Le navire amiral du Festival «  a basculé sur un système d’alimentation électrique indépendant  », a indiqué le Festival, soit trois groupes électrogènes, pour «  maintenir tous les événements et projections prévues [hier], dans des conditions normales  ». Et la cérémonie de clôture s’est déroulée tout à fait normalement.

Le Cineum évacué

«  Vers 10 h 15, on a eu une coupure en plein milieu de la projection d’un film au Cineum, livrait notre journaliste Alexandre Carini présent au cinéma de La Bocca, dans lequel sont projetés des films en compétition. Ils ont annoncé une panne générale dans toutes les salles du complexe. Au bout de dix minutes ils ont demandé d’évacuer les salles. Tout le public a attendu à l’extérieur.  »

Les professionnels du Festival, photographes et journalistes notamment, ont vite convergé vers le Palais pour tenter de trouver une connexion Internet afin de continuer à travailler. Un phare au milieu de cette  » nuit  » tombée en plein jour sur Cannes.


L’ombre du vandalisme sur le Festival de Cannes
Le Parisien, 25 mai 2025 (extrait)

Le Festival a connu une dernière folle journée. Un peu avant 10 heures, tous les festivaliers en salles de projection ont vu le film s’arrêter net. À l’heure du déjeuner, le bureau du Festival publie un communiqué rassurant : « Le palais des Festivals a basculé sur un système d’alimentation électrique indépendant, ce qui permet le maintien de tous les événements et projections prévus aujourd’hui, y compris la cérémonie de clôture. Nous vous remercions de votre patience et votre compréhension. »

Scènes de science-fiction dans les hôtels

Les journalistes et tous les accrédités travaillant sur le Festival — sauf ceux coincés dans les ascenseurs ou à l’intérieur de leurs résidences verrouillées par des portes électriques — affluent au palais, seul endroit de la ville où l’on peut se brancher. C’est la course aux prises pour recharger son ordinateur ou son téléphone.

Dehors, c’est un peu le chaos, en tout cas dans les hôtels, y compris les palaces où semblent se jouer des scènes de science-fiction. Les ascenseurs ne fonctionnent pas, escaliers et couloirs sont plongés dans l’obscurité. Les restaurants ont fermé, la nourriture est bonne à jeter avec la chaleur, les boulangeries et les supermarchés aussi. À 14 heures, tout Cannes cherche de quoi se restaurer. Dans le palais des Festivals, l’ultime distributeur de nourriture est pris d’assaut, la dernière pasta box disparaît.

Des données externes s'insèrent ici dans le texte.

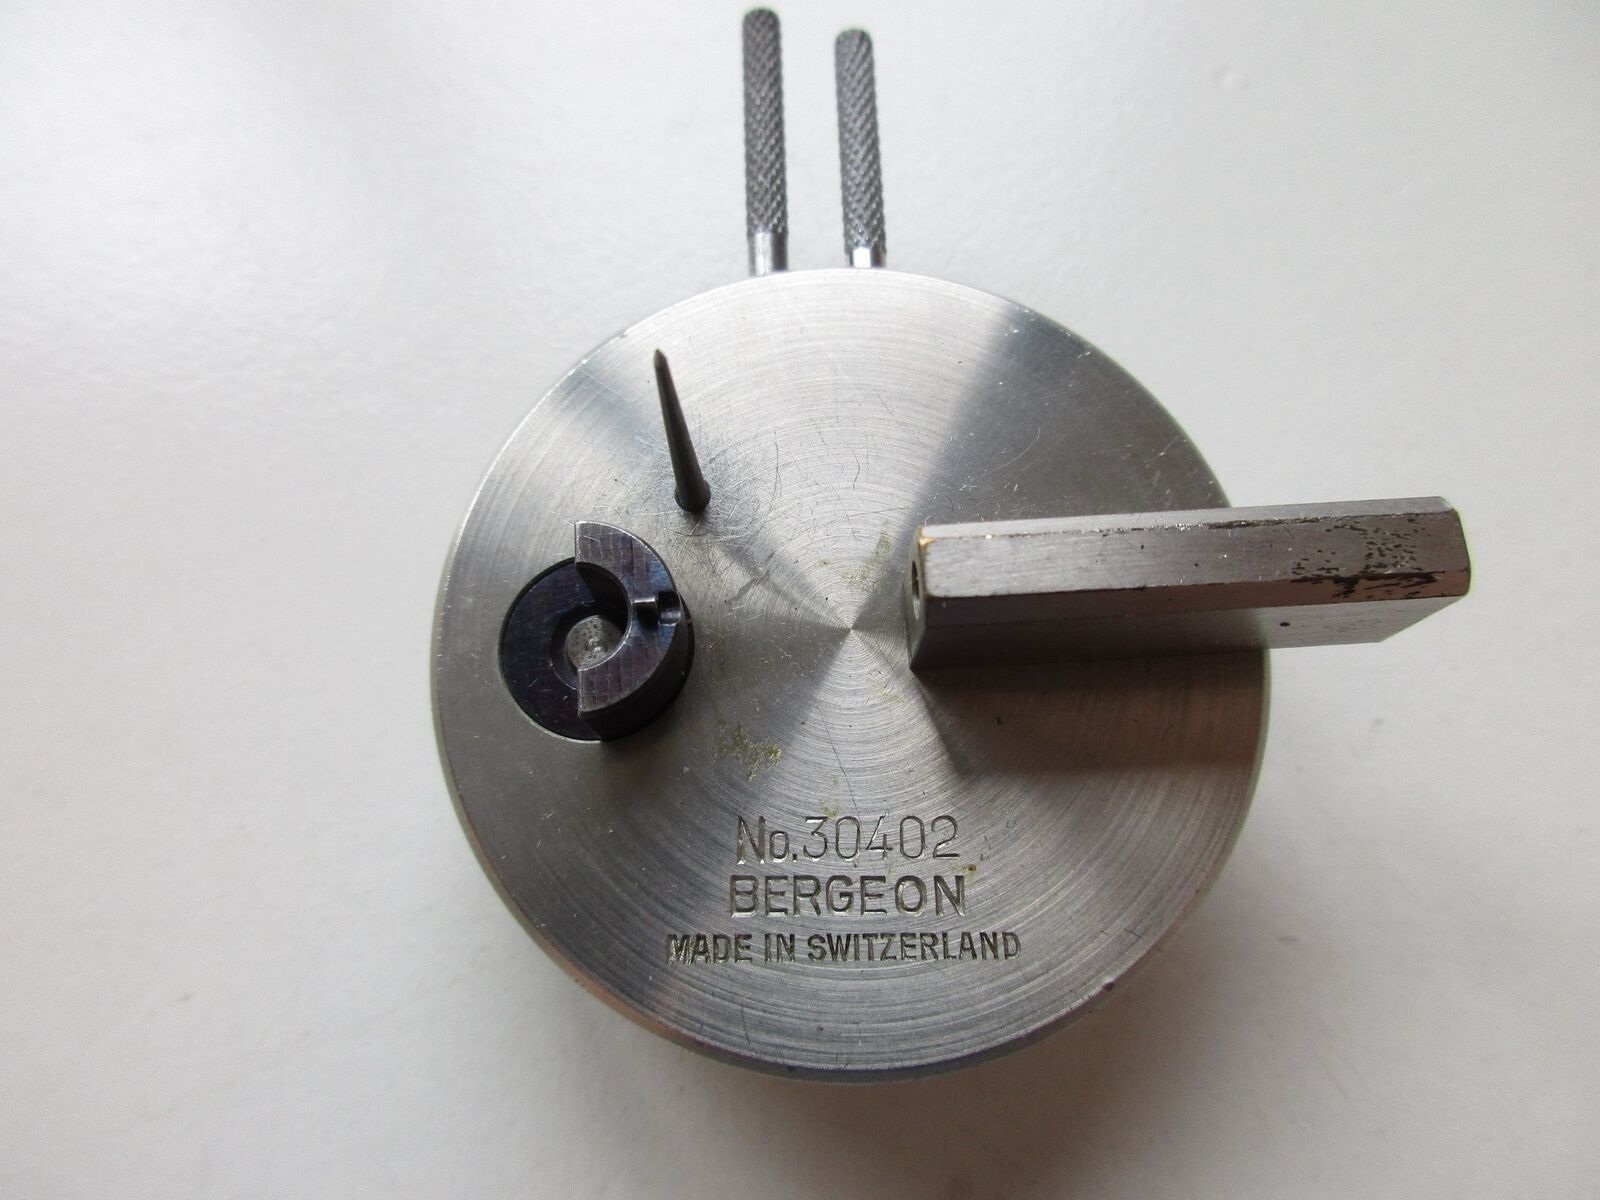 Bergeon balance screw cutting tool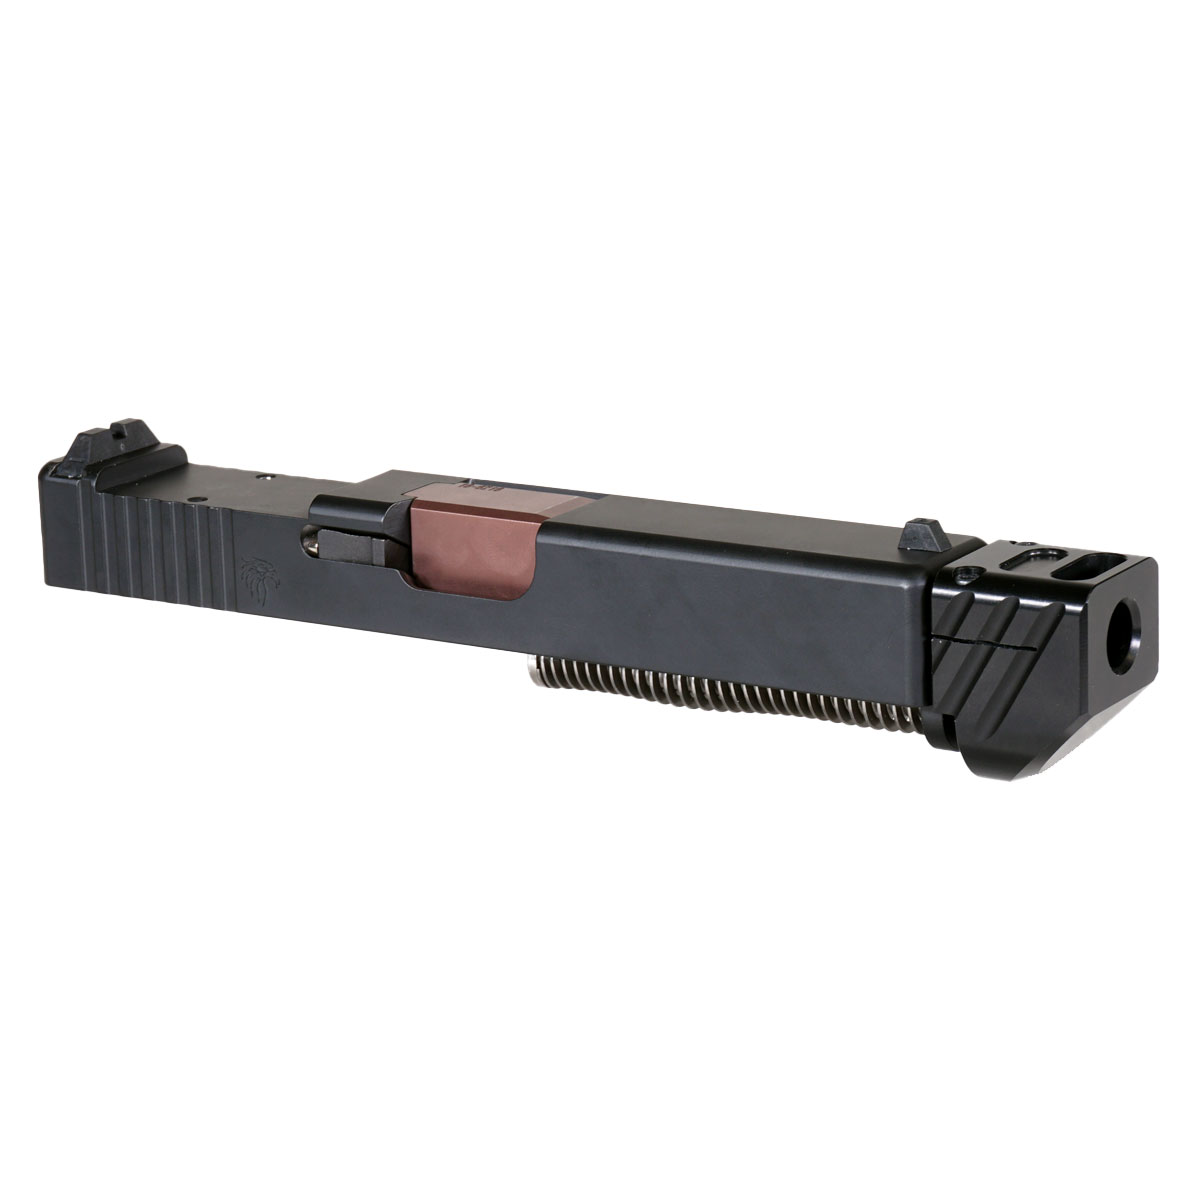 DTT 'Blockbuster V4 w/ Black Compensator' 9mm Complete Slide Kit - Glock 19 Gen 1-3 Compatible

Mais où est passée Jennifer Lawrence ?

Pendant ce temps, Thierry Frémaux, le délégué général, se demande comment contacter les équipes des films qui figureront au palmarès. Aucun réseau téléphonique ne fonctionne à l’extérieur du palais, certains agents eux-mêmes ont perdu de vue leurs « talents », comme on dit. Jennifer Lawrence, à l’affiche de « Die, My Love », de Lynne Ramsay, sélectionné en compétition officielle, ne serait pas localisable, de même qu’Ari Aster, le réalisateur de « Eddington », également en compétition officielle.

Face à cette situation de crise, Thierry Frémaux fait prévenir tous les agents, attaché(e)s de presse ou distributeurs, logés à quelques minutes du palais, de se déplacer en personne en début d’après-midi au bureau du protocole, pour être informés de la nécessité d’être présents dans la salle en cas de sélection au palmarès. Dans toute l’histoire du Festival, les équipes de films primés n’ont jamais été prévenues aussi tard, à 15 h 15. Ce qui laisse à peine plus de trois heures aux lauréats pour se maquiller, préparer un discours et s’habiller.

Selon nos informations, les délibérations des jurés, qui se déroulent sur les hauteurs, à la villa Domergue, auraient également pris du retard en raison de la panne. Même si les jurés sont traditionnellement coupés du monde, téléphones éteints, il faut bien qu’ils transmettent ensuite leur palmarès. Habituellement, les rumeurs les plus fondées circulent vers 13 heures. Mais à cette heure-là, ce samedi, aucune fumée blanche. Puis tout s’accélère, comme la dernière demi-heure d’un film. Le retour du courant dans la ville, annoncé pour midi, puis pour 14 heures, revient progressivement. Vers 17 heures, tout semble prêt. Après beaucoup de sueur, un coup de blush. À la fin, c’est toujours le glamour qui gagne.